Increasingly targeted by demonstrations and strikes, Milosevic ran for a new term as Yugoslav president but the machinery no longer worked for him. He conceded defeat to Vojislav Kostunica and resigned on October 7, 2000.
Six months later he was arrested at his home in Belgrade on suspicion of abuse of power and misappropriation of state funds, surrendering only after holding a gun to his head and threatening to kill himself.
His transfer to the United Nations war crimes court in The Hague on June 28, 2001 -- ironically a major day in the Serb calendar as the anniversary of their defeat by the Turks in 1389 -- hardly produced a ripple in Belgrade.
His trial, which began on February 12, 2002, was frequently interrupted because of illness sparked by high blood pressure and heart problems.
It was due to resume on March 14 after a two-week break, caused this time by problems in scheduling witnesses.

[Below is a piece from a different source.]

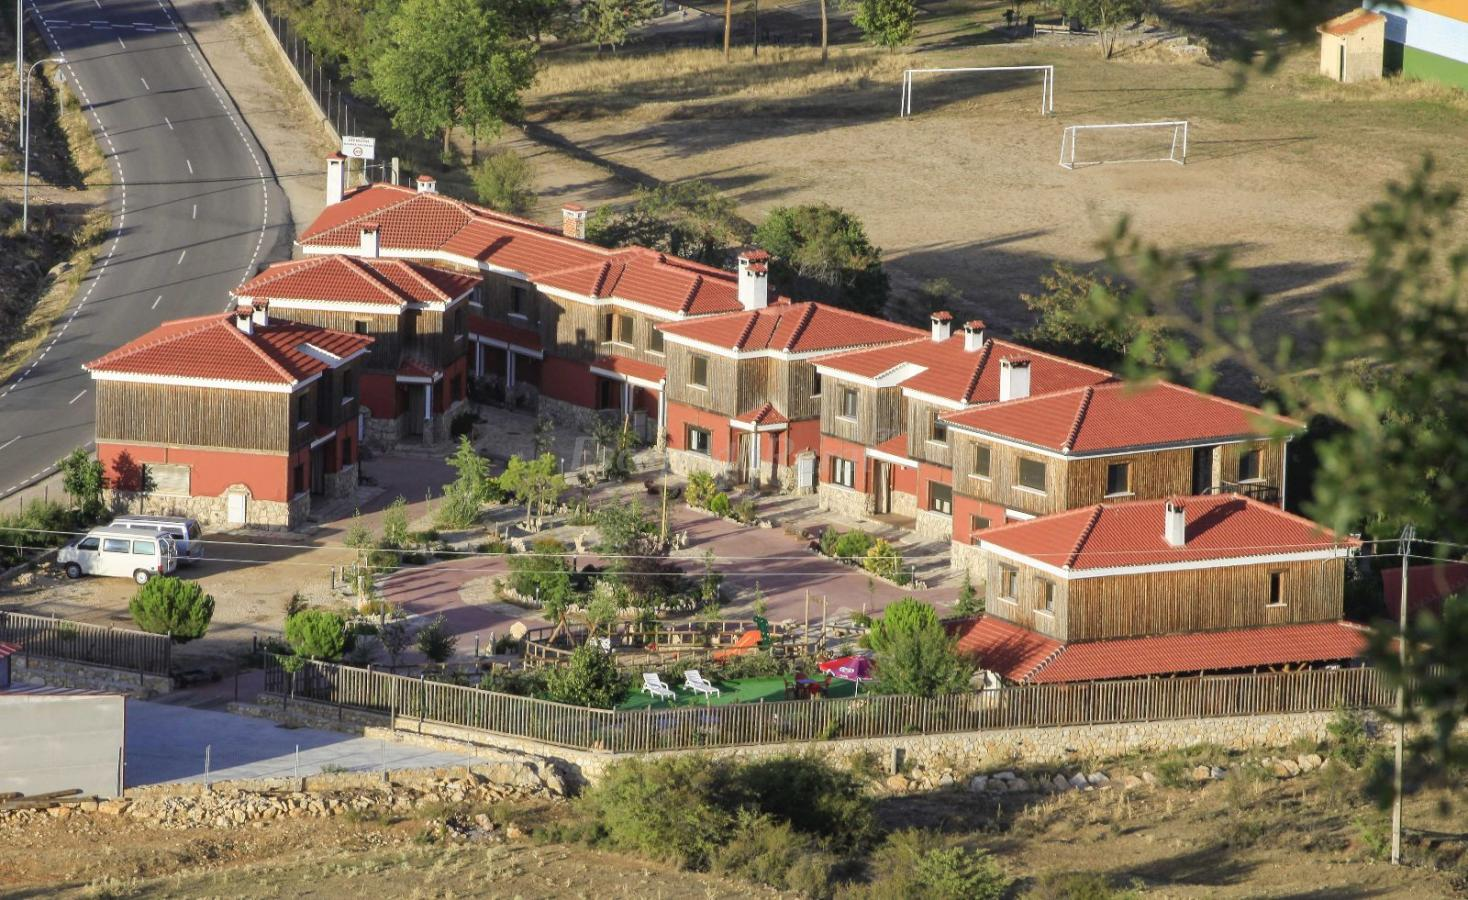 casaruraleelhosquillo - Where to rest-Serranía de Cuenca

Insisting on defending himself, Milosevic concentrated almost totally on events in Kosovo, hardly going into the charges related to the war in Croatia and the genocide charges against him over the war in Bosnia.
According to the last calculations, done on February 15, Milosevic had already used up 85.11 percent of the 360 hours allotted to him for his defence, meaning he only had about a dozen court days left to complete his defence case.
A radio report said last week said he would be bringing out a book next month based on his opening statement at his trial and entitled "The Defence Speaks-for History and the Future".